Lastly, employers can provide resources that help employees manage their time more effectively. For example, employers could provide time-tracking software or online courses on proper time management.

#2 Humanizing Compensation & Benefits

It's no secret that happy employees are more engaged and less likely to leave their company. But what is the key to keeping employees satisfied and preventing quiet quitting from happening?

Compensation and benefits play a big role in increasing employee engagement.

Here's how:

  • Offering competitive salaries and wages will help attract and retain the best employees.
  • A comprehensive benefits package will show employees that you care about their well-being and make them feel valued.
  • Creating unique employee recognition programs will show employees that their hard work is appreciated and encourage them to contribute and stay for a longer term with the company.
  • Don't forget, allowing employees to develop themselves personally and professionally by upskilling and reskilling is something they would appreciate to perform better at work.

#3 Improving Work Relationship

It has been said that trust is the cornerstone of any relationship - and this is especially true in the workplace. A recent study found that employees who trust their colleagues and leaders are more engaged in their work and less likely to experience burnout, which means less possibility for them to quiet quitting.

Furthermore, when employees feel they can trust their colleagues and leaders, they are more likely to share information and ideas openly. It prevents silos from forming in the workplace and allows for more collaboration and creativity.

So how can you improve work relationships and increase trust?

Here are a few tips:

  • Get to know your colleagues on a personal level. Take the time to learn about their interests, families, etc.
  • Be transparent in your communication with others. Share your thoughts and feelings openly, without fear of judgment.
  • Listen more than you speak, and treat others just the way you want to be treated.

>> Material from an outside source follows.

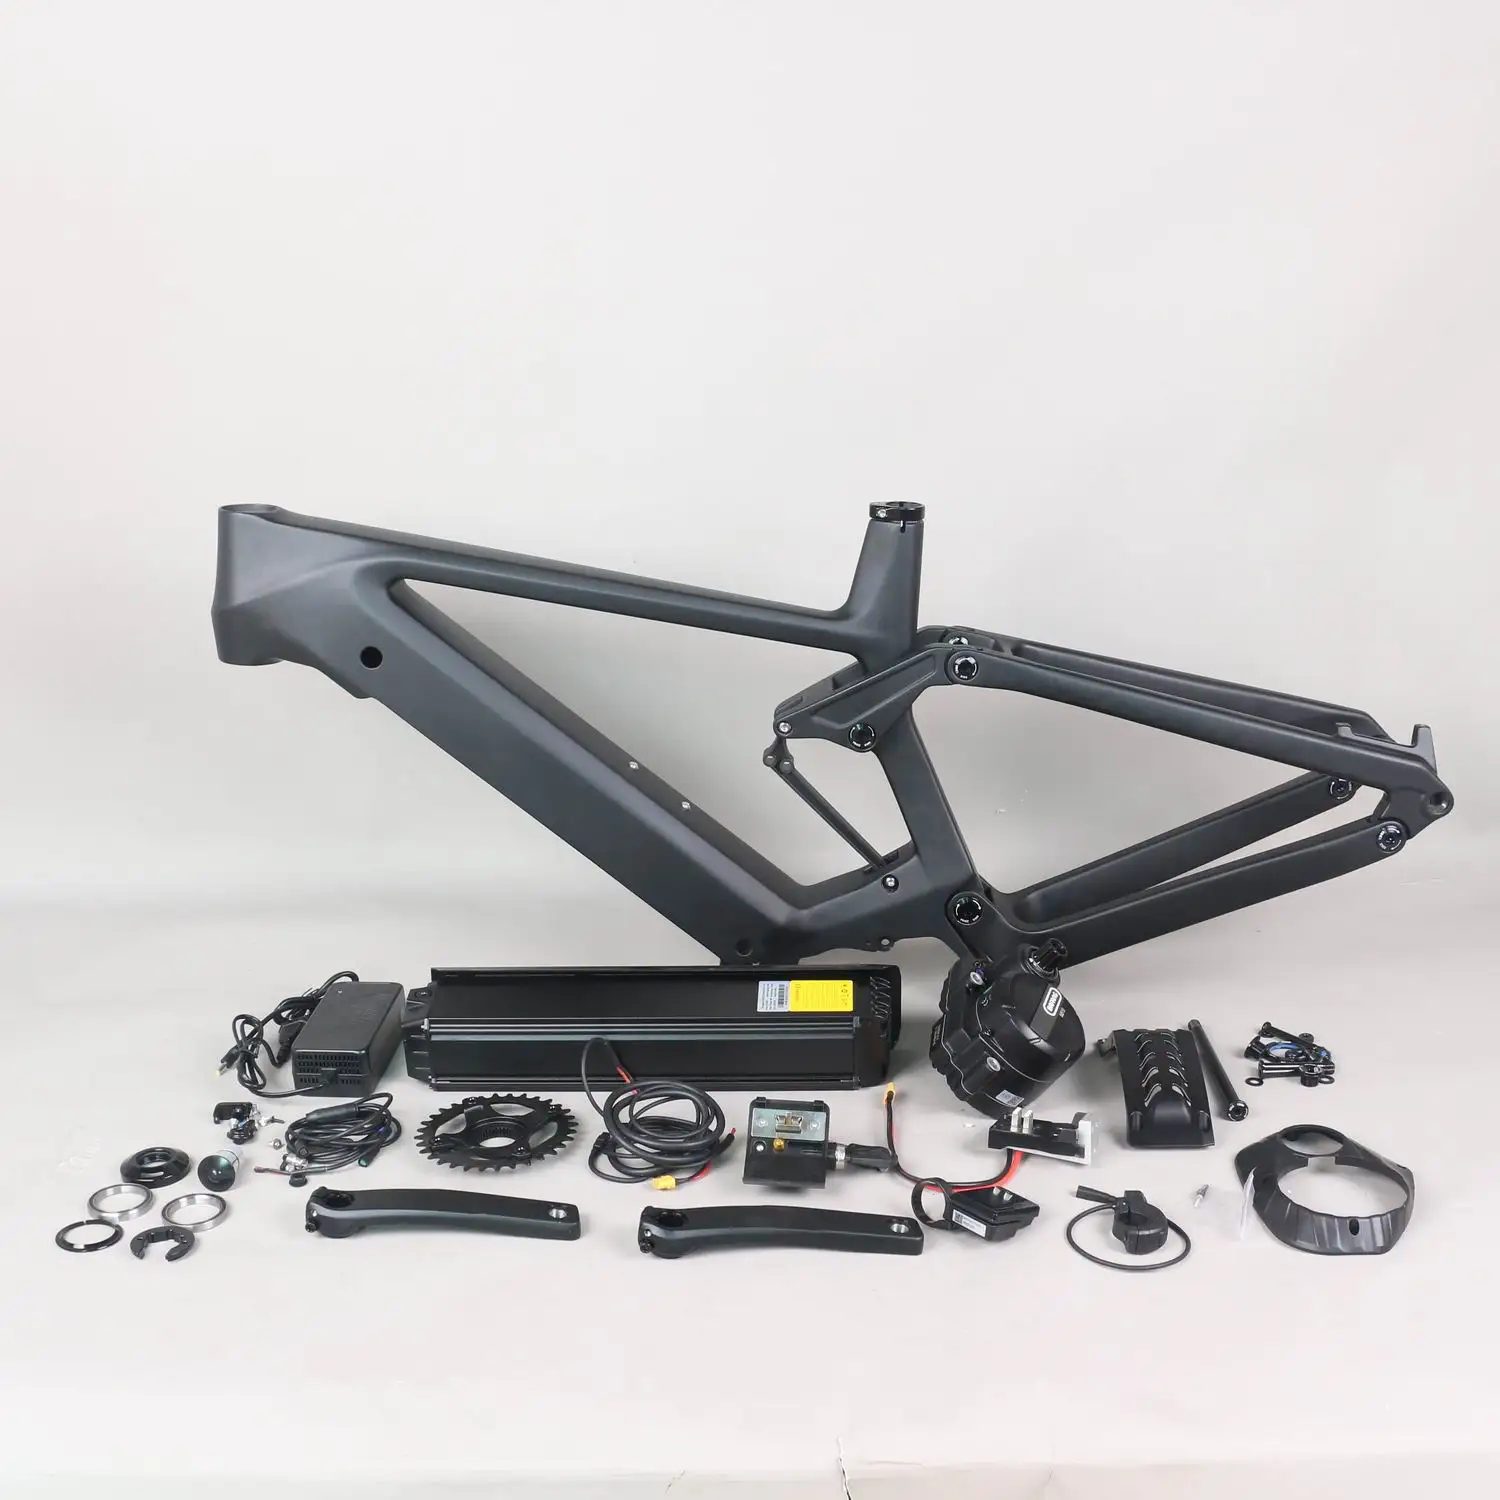 29er Suspension E-MTB Bike Carbon Frame E69 Compatible with Bafang M510 M500 M600 mid motor 250W  include motor and battery

Quiet quitting is a new trend in the workforce, especially in the younger generations.

Some of these young generations do it because they feel they are not being heard or valued at their job or have a false perception of their workplaces due to a lack of communication from their managers, or maybe what they see, hear, or feel at work doesn't match with their values, work preferences or future career aspirations.

Employers must be aware of this trend and take necessary steps to prevent it by analyzing their employees' perspectives, taking necessary steps to humanize the workplace, and educating them about the importance of balancing or even integrating work and life aspects.

Two-way communication is one of the key factors because gaining your employees' support for the best approach to align their individual and company goals while giving them time to enjoy their lives outside of work can significantly increase retention and make them realize that their individual contribution means a lot to the company's growth in the long run.